I don't have any advice either, but my 8 yr old son is the same way. He is the oldest though. I know alot of it has to do with having two younger siblings who take up most of my time. That and his father working so much.
He gets so frustrated when he can't figure things out. Last yr at baseball he would start crying and getting so angry because he struck out. It's not like he was the only one either.
It's hard and I will be watching this thread for some advise.


----------



## Peepsqueak (Jul 5, 2005)

I am still working with dd and will probably seek some professional counselling. My dh and I had a big arguement about it last night because of it too. He and I used to be on the same page raising the kids, but lately we are separating further and further apart. I do think it opens up avenues of problems with the kids too.

My daughter is defiant, will holler and stamp her foot to get what she wants. I do insist that she go to bed early too because being tired and not getting enough sleep does affect her disposition. I am going to eliminate high sugared foods from her diet as well. She gets frustrated...she wants to do things independently and will not let me do things for her, i.e. her hair, or help her with her lessons, and will say "no" if I ask her to do something.

I put her on a good behavior sticker program. I listed about 5 things she must do successfully to get a sticker for the day. If she gets 5 stickers in a week she gets to do something special. She managed to get 3 stickers last week and has not gotten any more since last week. I will continue to set a few goals for her until the end of the month. If this is not working I will think of another incentive for her. She does get easily discouraged, so I have to remind her to keep sight of her goal for the day.

Example; Goals for the day: No screaming, yelling
Things I request be done without arguement
Get ready for bed and be in bed on time
Help me with one thing daily

This is the general protocol each day. She was excited to try it for a few days but now is off track again. She is only 7 yo so I try to break things down in small steps.


----------



## canadiyank (Mar 16, 2002)

Hi Mama! I still have to reply to your PM about lessons...sorry, I forgot!!

Can you phrase the first expectation as something like, "Use a pleasant voice"?

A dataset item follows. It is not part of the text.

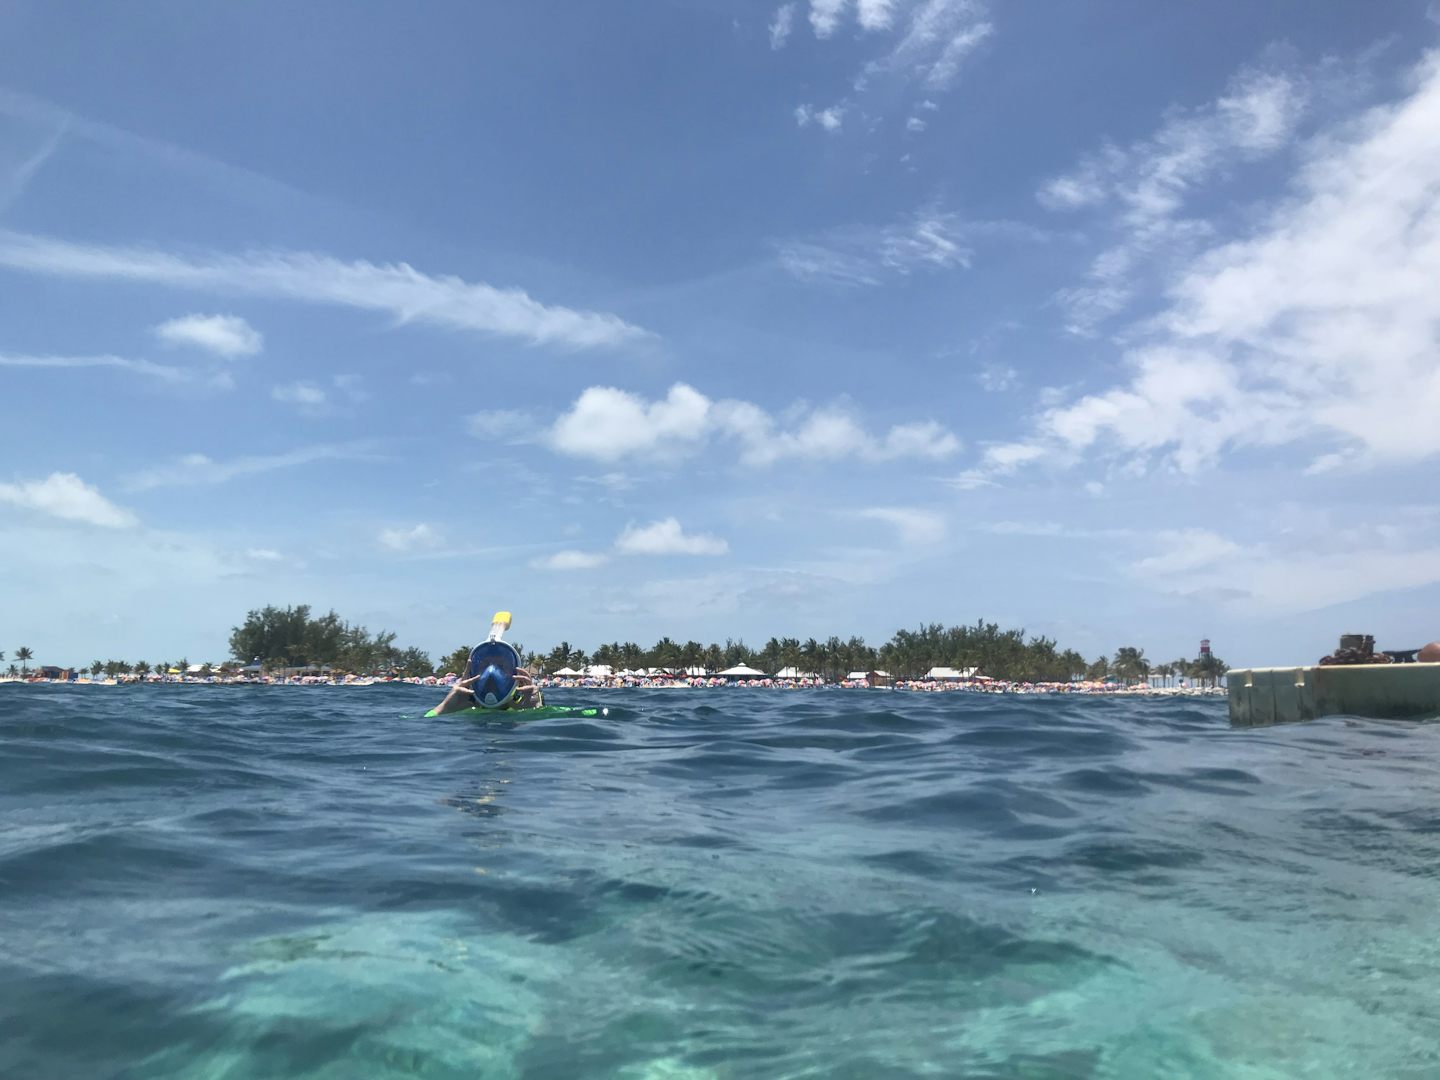 View of Cococay while out Snorkling
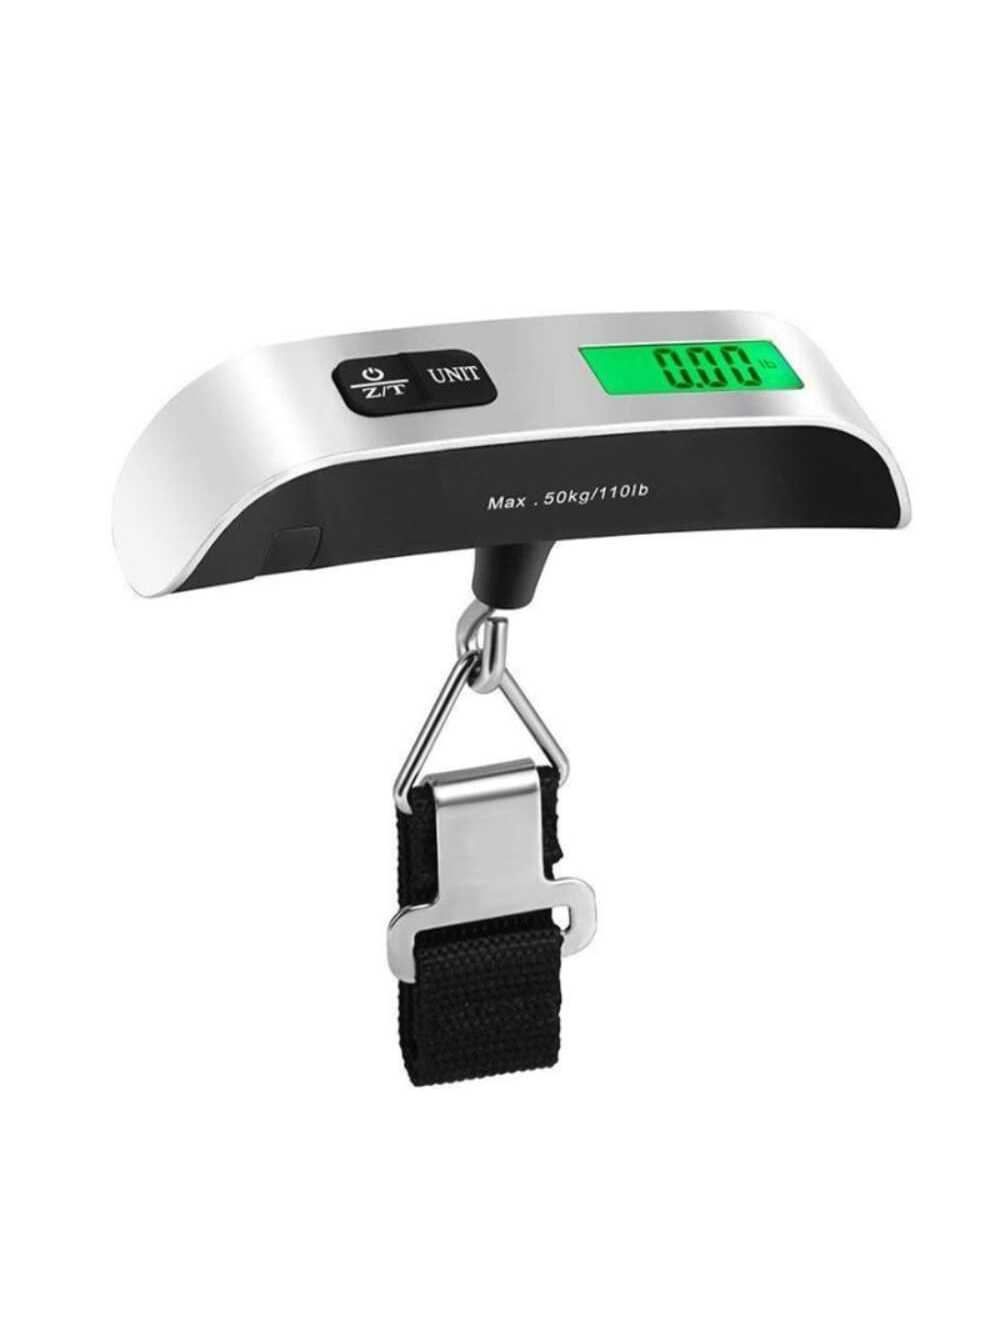 1pcs Portable Scale Digital LCD Display 110lb/50kg Electronic Luggage Hanging Suitcase Travel Weighs Baggage Bag Weight Balance-Silver-3

As far as bed, I'm sure you've tried giving her 5-minute warnings...does that help or make things worse? As far as the helping, could it be the same thing each day? It sounds like routine might help. My dd is much younger, but she really likes knowing "what's next" and we talk about the things happening/expectations for the next day when we're cuddling at bedtime.

I wonder if we could brainstorm some ideas since the sticker chart isn't working...some people use stickers just to "mark off" things instead of as a reward, kwim? Have you read any spirited children books or whatnot? Out-of-Sync Child?

I'm sorry about your dh...I'm sure he is feeling very frustrated, and hope you can find common ground again.


----------